EXERCISE DATA ▸
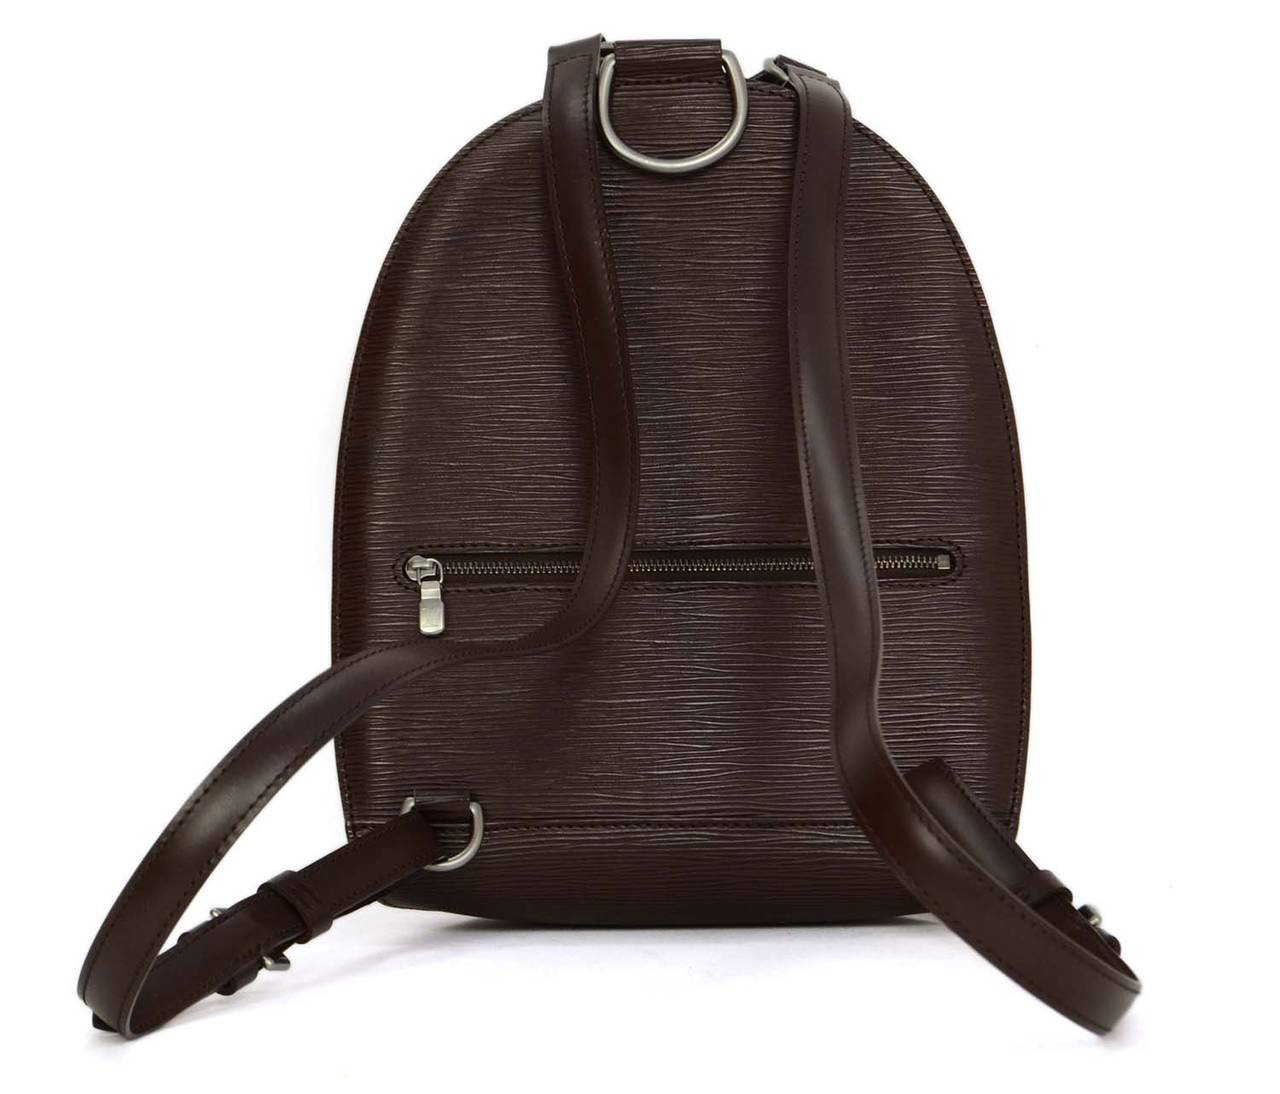 Sac A Dos Louis Vuitton Michael : Louis vuitton mocha epi quot sac a dos backpack shw at stdibs
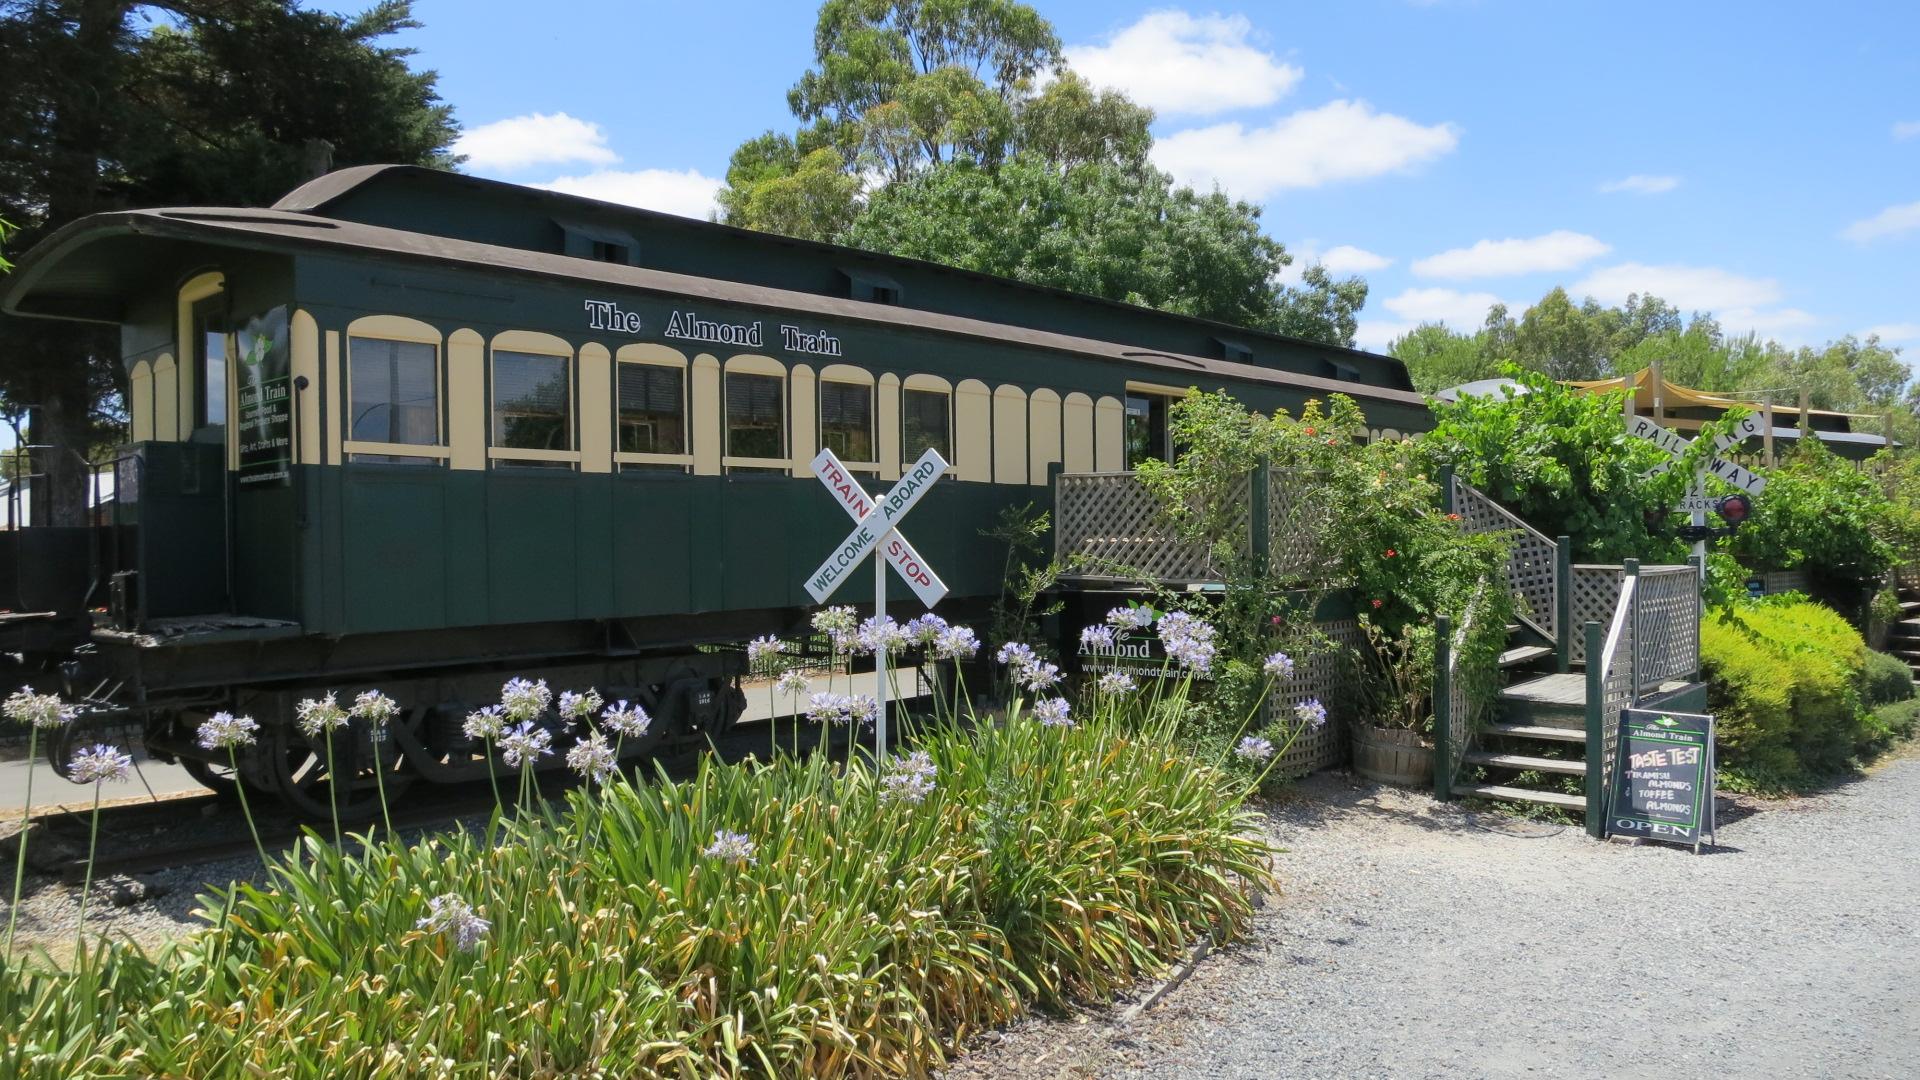 Almond Train - McLaren Vale
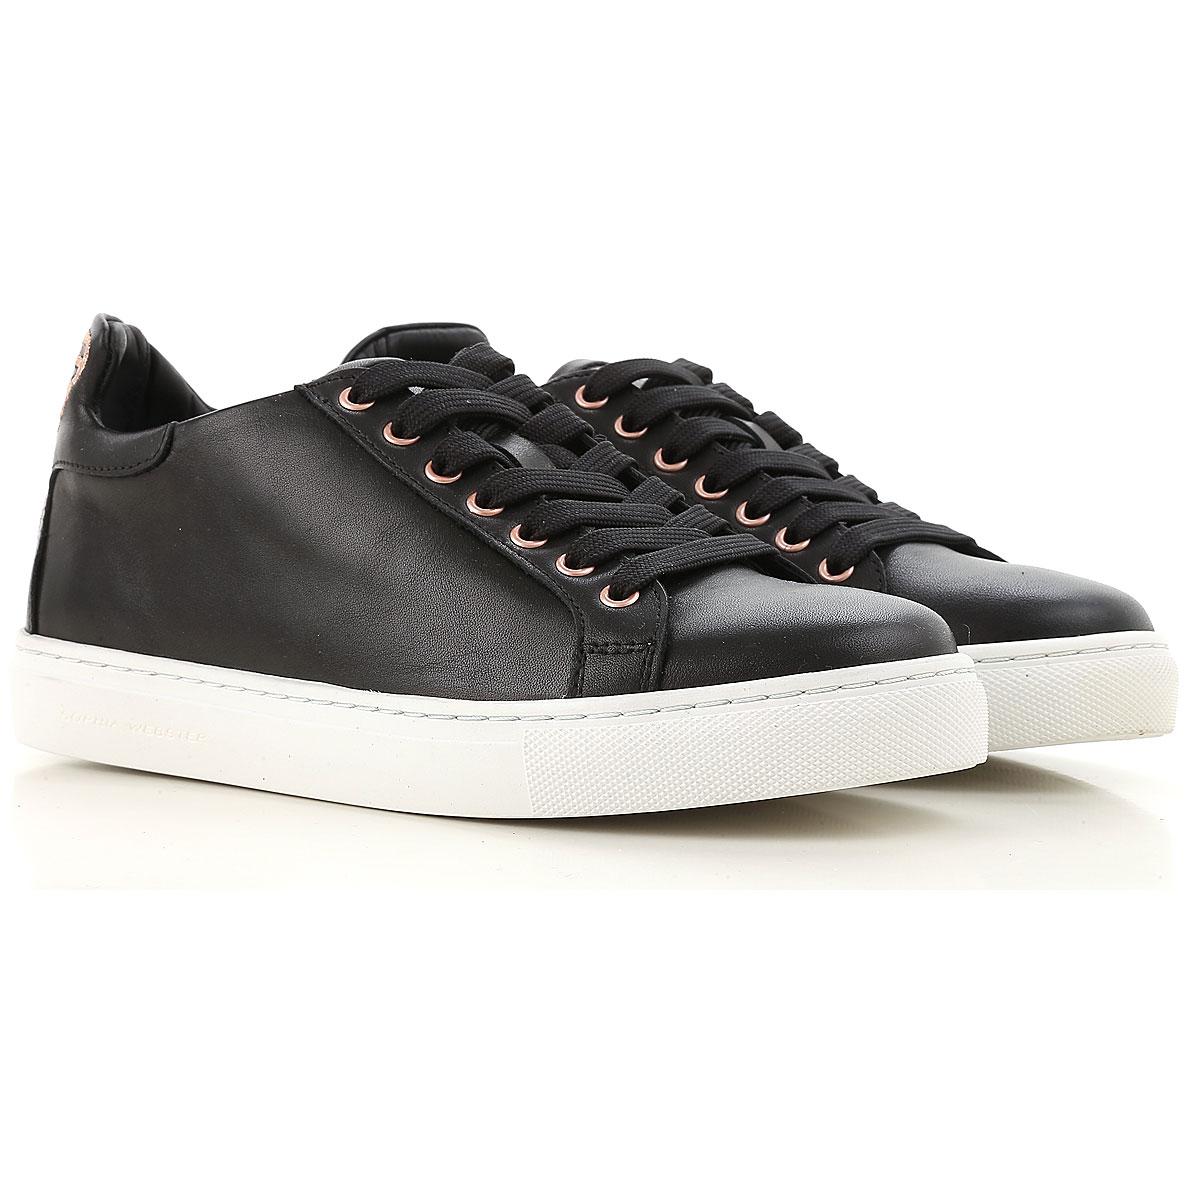 Sophia Webster Sneakers for Women On Sale in Outlet, Black, Leather, 2019, 5 6.5

GOAL OF THE EXERCISE ▸ Reproduce the lines of the listing exactly, starting at the one that contains "Almond Train - McLaren Vale" and continuing through the final line, but leave out the pictures.

RESULT FOR THIS TASK ▸
 Almond Train - McLaren Vale
 Sophia Webster Sneakers for Women On Sale in Outlet, Black, Leather, 2019, 5 6.5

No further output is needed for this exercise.